PaperHub
4.7
/10
withdrawn3 位审稿人
最低3最高8标准差2.4
3
8
3
4.3
置信度
ICLR 2024

SIEVE: Multimodal Dataset Pruning using Image-Captioning Models

OpenReviewPDF
提交: 2023-09-17更新: 2024-03-26
TL;DR

Pruning web-crawled vision-language datasets using image-captioning models

摘要

关键词
Data pruningvision-language datasetssynthetic captions

评审与讨论

审稿意见
3

The paper proposes a data filtering method using an image captioning model. First, it trains an image captioning model on a small and high-quality dataset. Second, it uses the model to generate captions for the images to be filtered. Third, it computes the similarities between the generated captions and the images' original alt-texts, and filters out the low-score image-text pairs.

优点

It is an interesting attempt to go beyond CLIPScore based filtering and explore other score based filtering methods.

缺点

  1. The proposed method is not well motivated. The authors argue CLIPScore has three limitations, and propose a caption-text score, where caption is generated by a captioning model on an image, and text is alt-text. However, the caption-text score could also have similar limitations - the proposed method could also miss hard samples and the captioning model could also be biased, which are not discussed in the paper.
  2. Even if the hypotheses in "Section 3 - Image-Captioning" are true, they do not necessarily result in a better filtering metric than CLIPScore. We can hypothesize the similar statements for CLIPScore. The large-scale results in Table 1 supports this - SIEVE's avg performance 52.3 is worse than CLIPScore's avg performance 52.9.
  3. As mentioned in the paper (Sec 4.2), the results between medium and large scales are not consistent. The reviewer suspects result variance could partially explain that. How many models are trained for each filtering setting to get the quantitative results, and what is the variance?

问题

See weaknesses.

评论

We thank the reviewer for their feedback and would like to address their concerns:

"The authors argue CLIPScore has three limitations, and propose a caption-text score, where caption is generated by a captioning model on an image, and text is alt-text. However, the caption-text score could also have similar limitations"

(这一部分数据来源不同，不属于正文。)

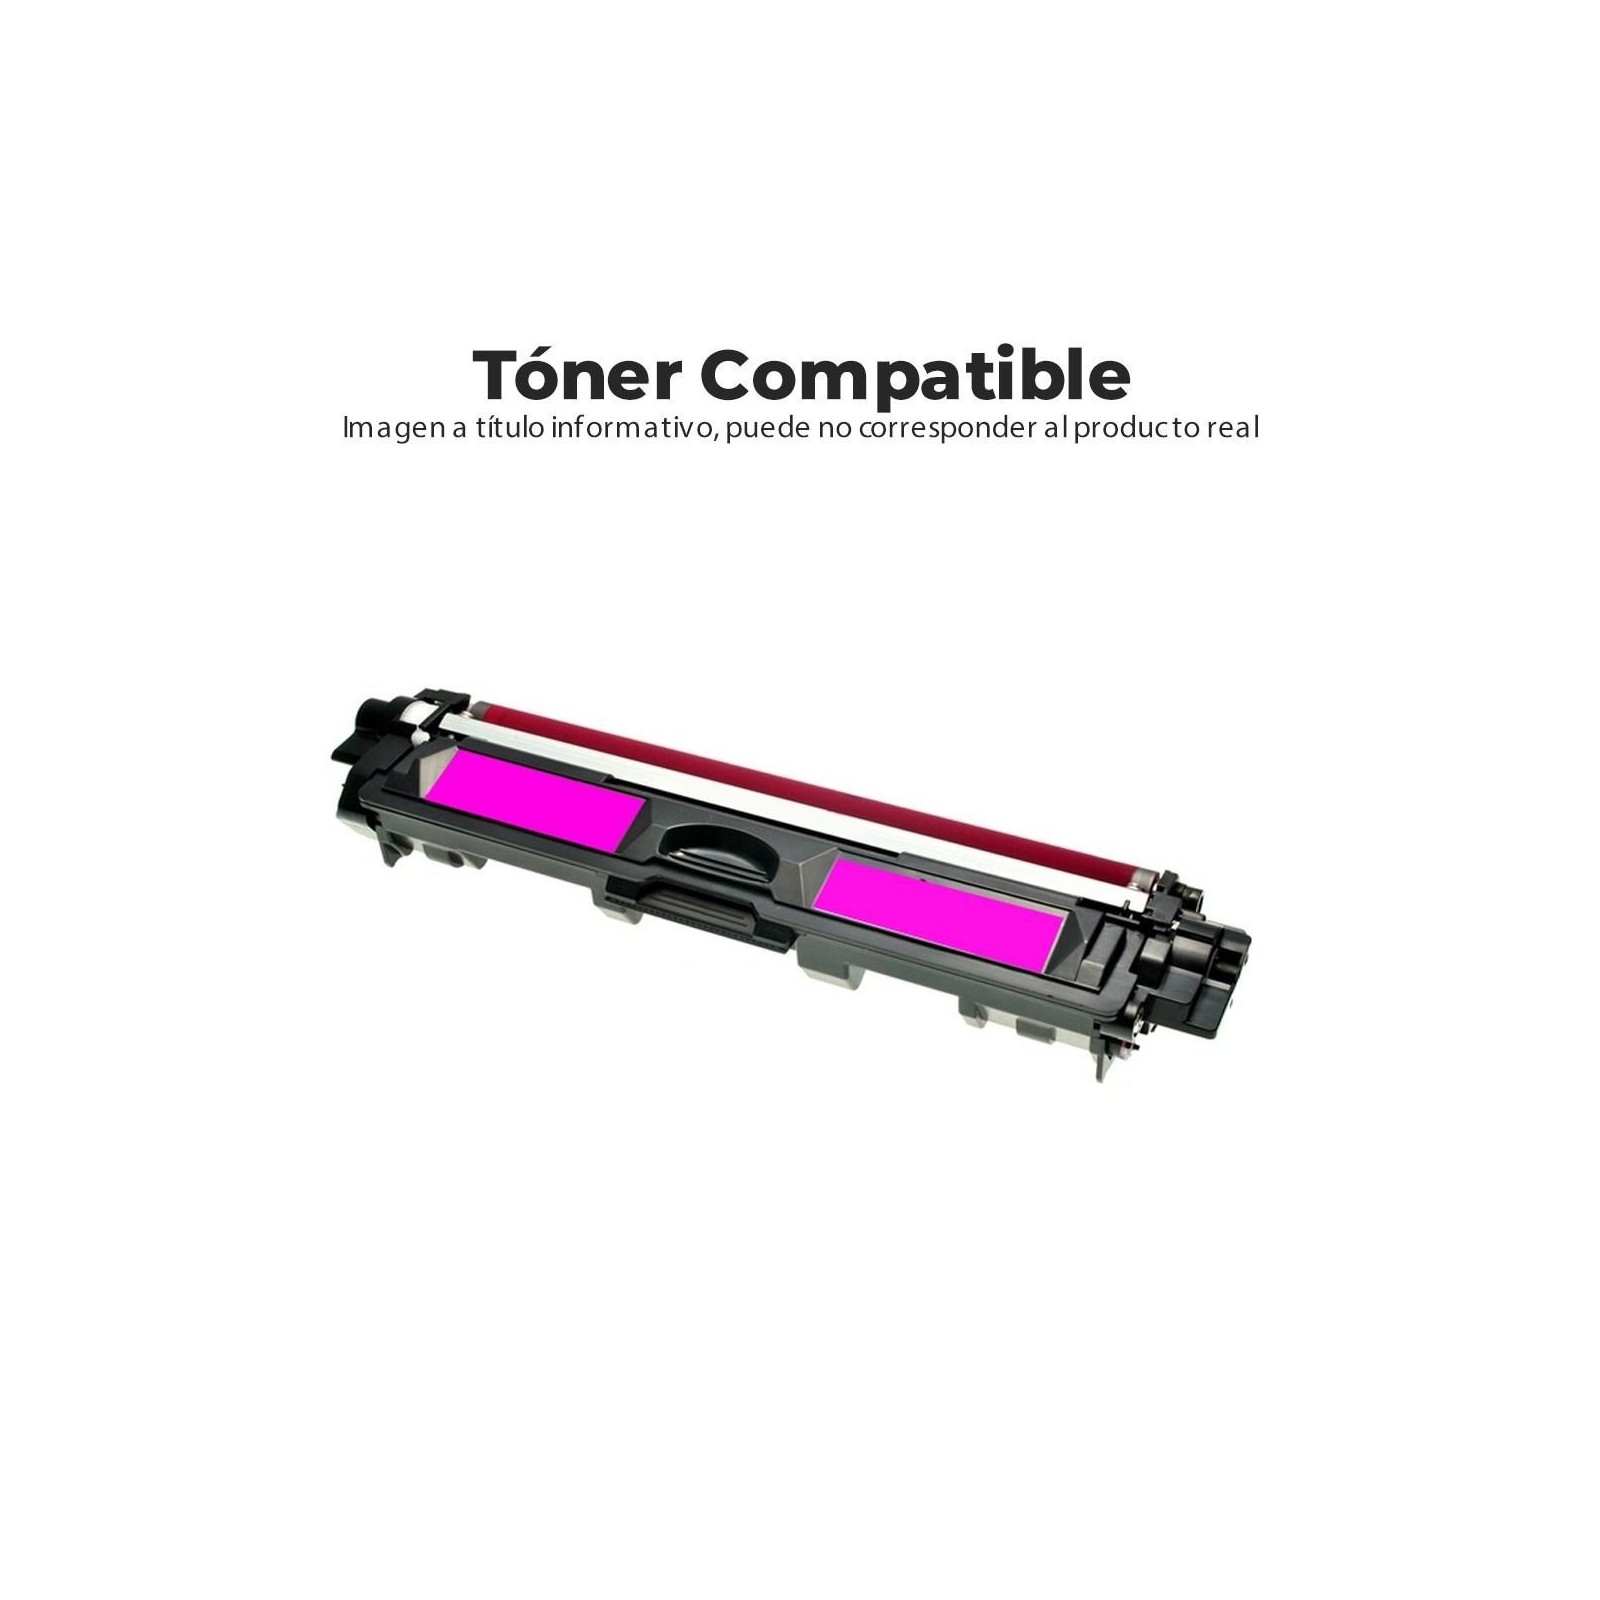 Toner Compatible Hp 205A Magenta 900 Pg

  1. We agree with the reviewer that SIEVE’s pruning signal can still result in missed hard samples and we will add a section discussing the bias of SIEVE. Nevertheless, we demonstrate that SIEVE and CLIP Score’s pruning signals are highly complementary:
    1. Compared to CLIP Score, SIEVE is more likely to focuse on image content rather than context as shown in Figure 1 of the paper. This is clear in the per-task performance on both medium and large scale where SIEVE on its own surpasses CLIP score on retrieval tasks by a large margin (+3.8%, 5.4%), while CLIP Score due to its large pretraining data, performs better on context-based tasks like identifying the geographical location from an image.
    2. We show that SIEVE when augmented to CLIPScore, beats CLIPScore on the main tasks and on Average on both medium and large scales. Hence, SIEVE is a useful filtering signal.
  2. We also demonstrate in our ablation studies (table 3) that compared to CLIP and BLIP text encoders, our sentence similarity embedding space can bridge the diversity gap between the alt-text and the captioner output, improving our chances of detecting well-aligned hard samples.

"The large-scale results in Table 1 supports this - SIEVE's avg performance 52.3 is worse than CLIPScore's avg performance 52.9"

  1. Our goal is not to beat CLIP Score but to provide a complementary ranking signal focused on image content aiming to reduce false positives and negatives. Fusing CLIPScore with SIEVE improves overall performance by 2.6% and 1.7% on medium and large scale respectively.
  2. The reported average performance is conducted on 38 downstream tasks concealing per-task performance. For instance, SIEVE on its own performs significantly better on retrieval tasks and this performance gap increases from medium (+3.8%) to large scale (5.4%).
  3. We argue that even though SIEVE is pre-trained only on 14 million image-text pairs, its performance compared to CLIPScore (pretrained on 400 million image-text pairs) is within less than 1% on the large scale, which is very promising.

"As mentioned in the paper (Sec 4.2), the results between medium and large scales are not consistent. The reviewer suspects result variance could partially explain that. How many models are trained for each filtering setting to get the quantitative results, and what is the variance?"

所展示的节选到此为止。